▸ **Dataset content**:
● ● ● ● ●
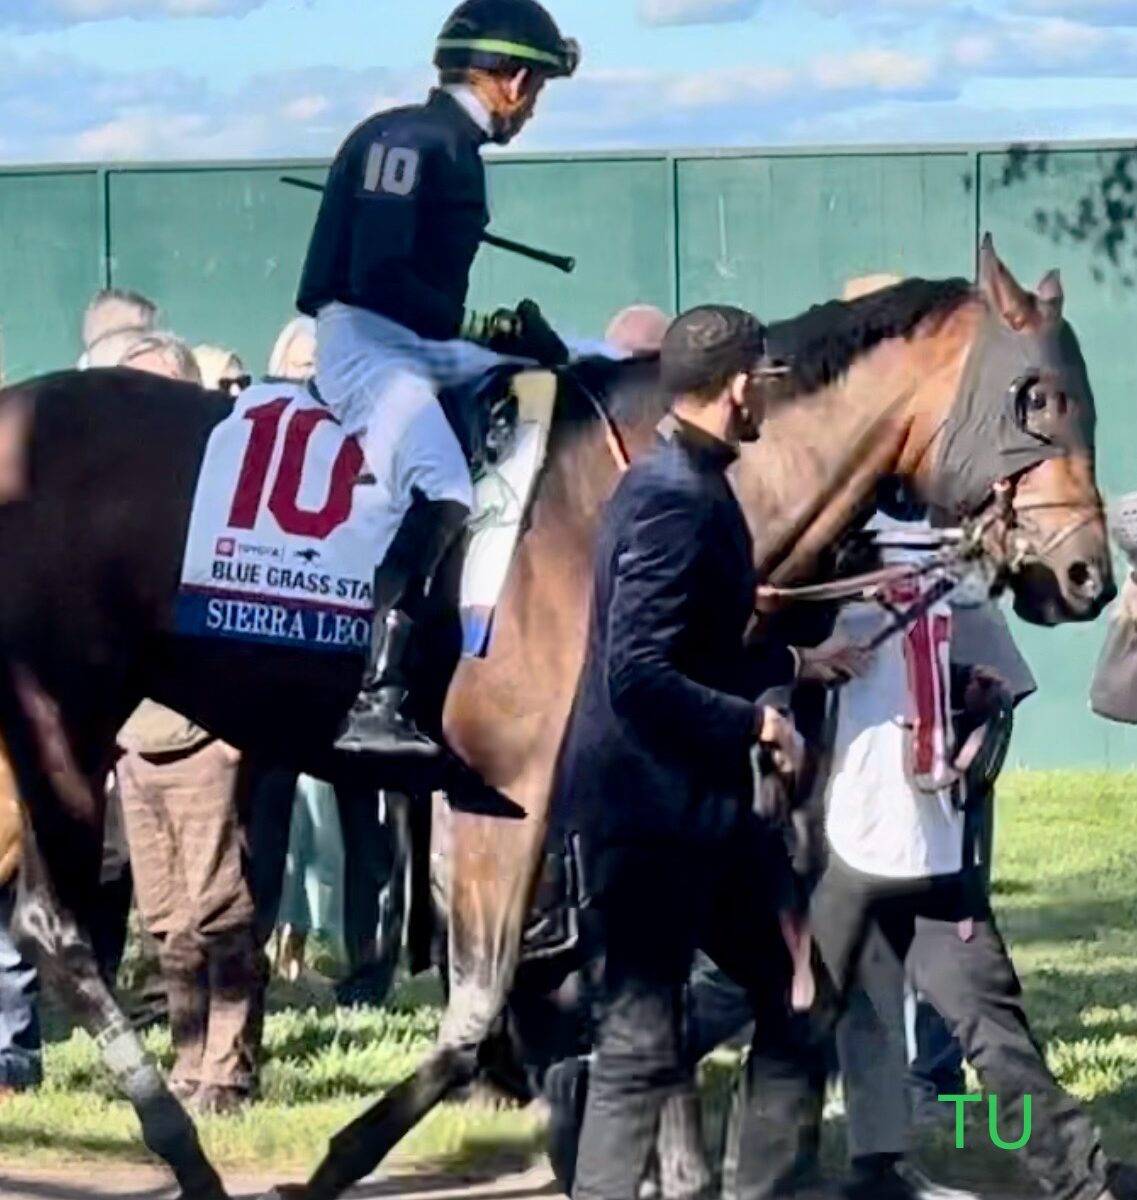 Sierra Leone was first in the Blue Grass Stakes and second in the Kentucky Derby. He's a likely choice to win the Belmont Stakes.
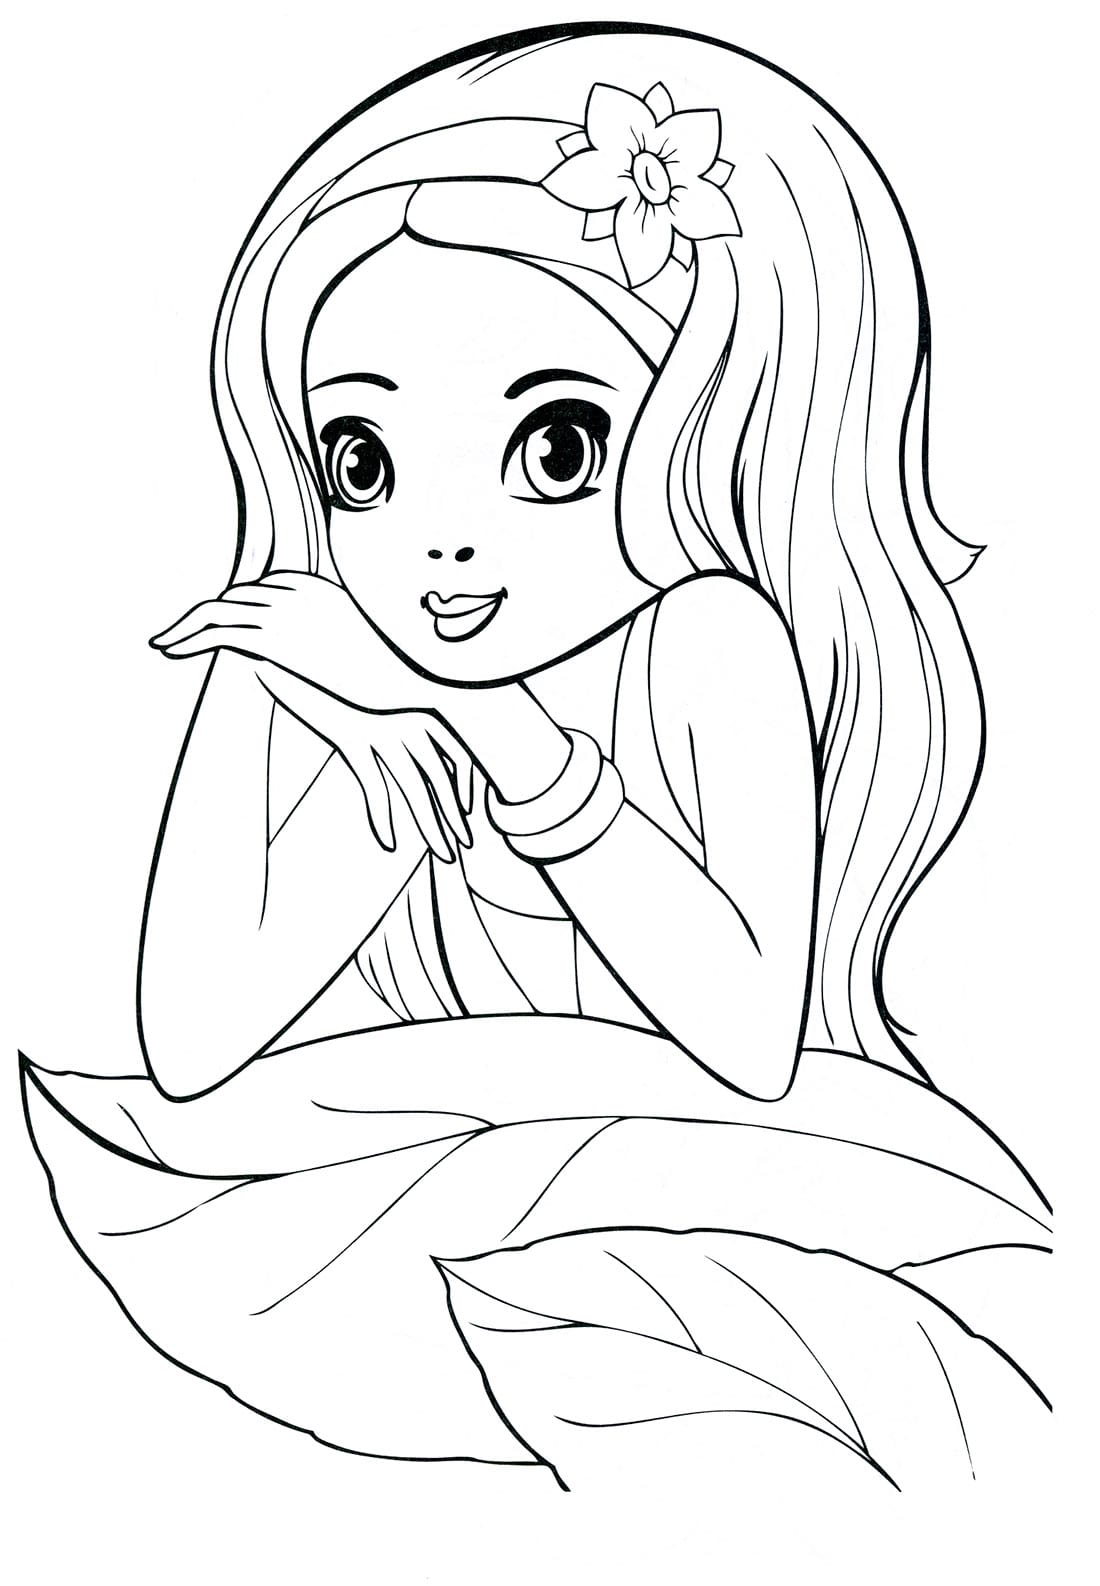 Coloring pages for girls 20 years old. Download or print for free
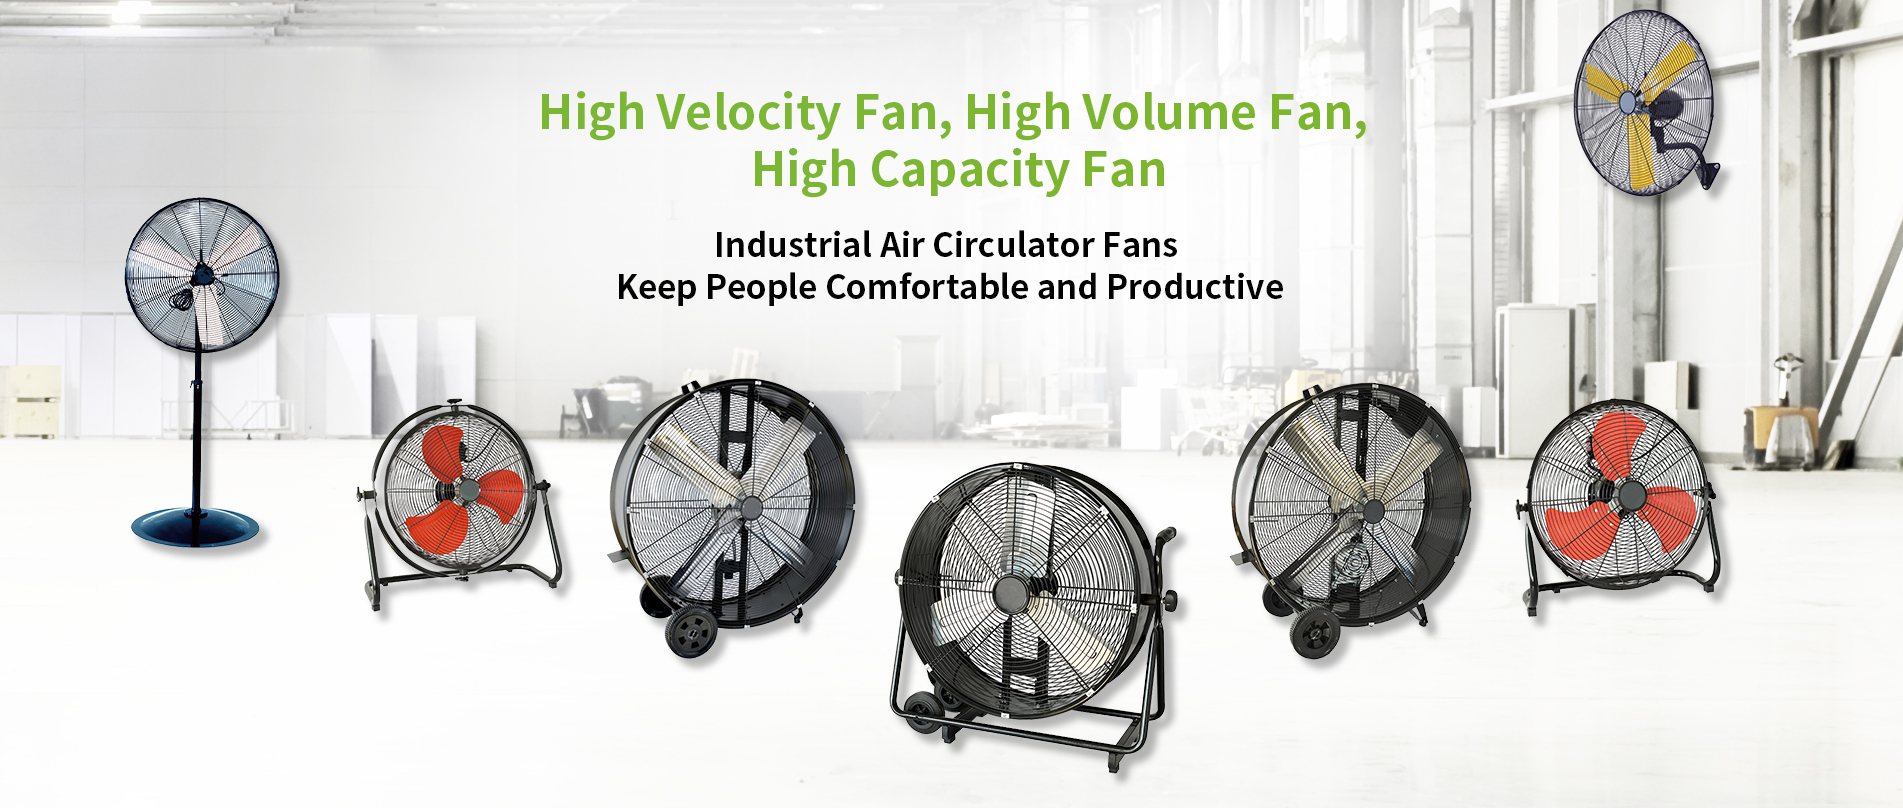 WINMORE Industrial Fans
● ● ● ● ●
▸ **Exercise requirements**: Please retype the material in full, exactly as it reads, apart from the images.

▸ **Solution**:
 Sierra Leone was first in the Blue Grass Stakes and second in the Kentucky Derby. He's a likely choice to win the Belmont Stakes.
 Coloring pages for girls 20 years old. Download or print for free
 WINMORE Industrial Fans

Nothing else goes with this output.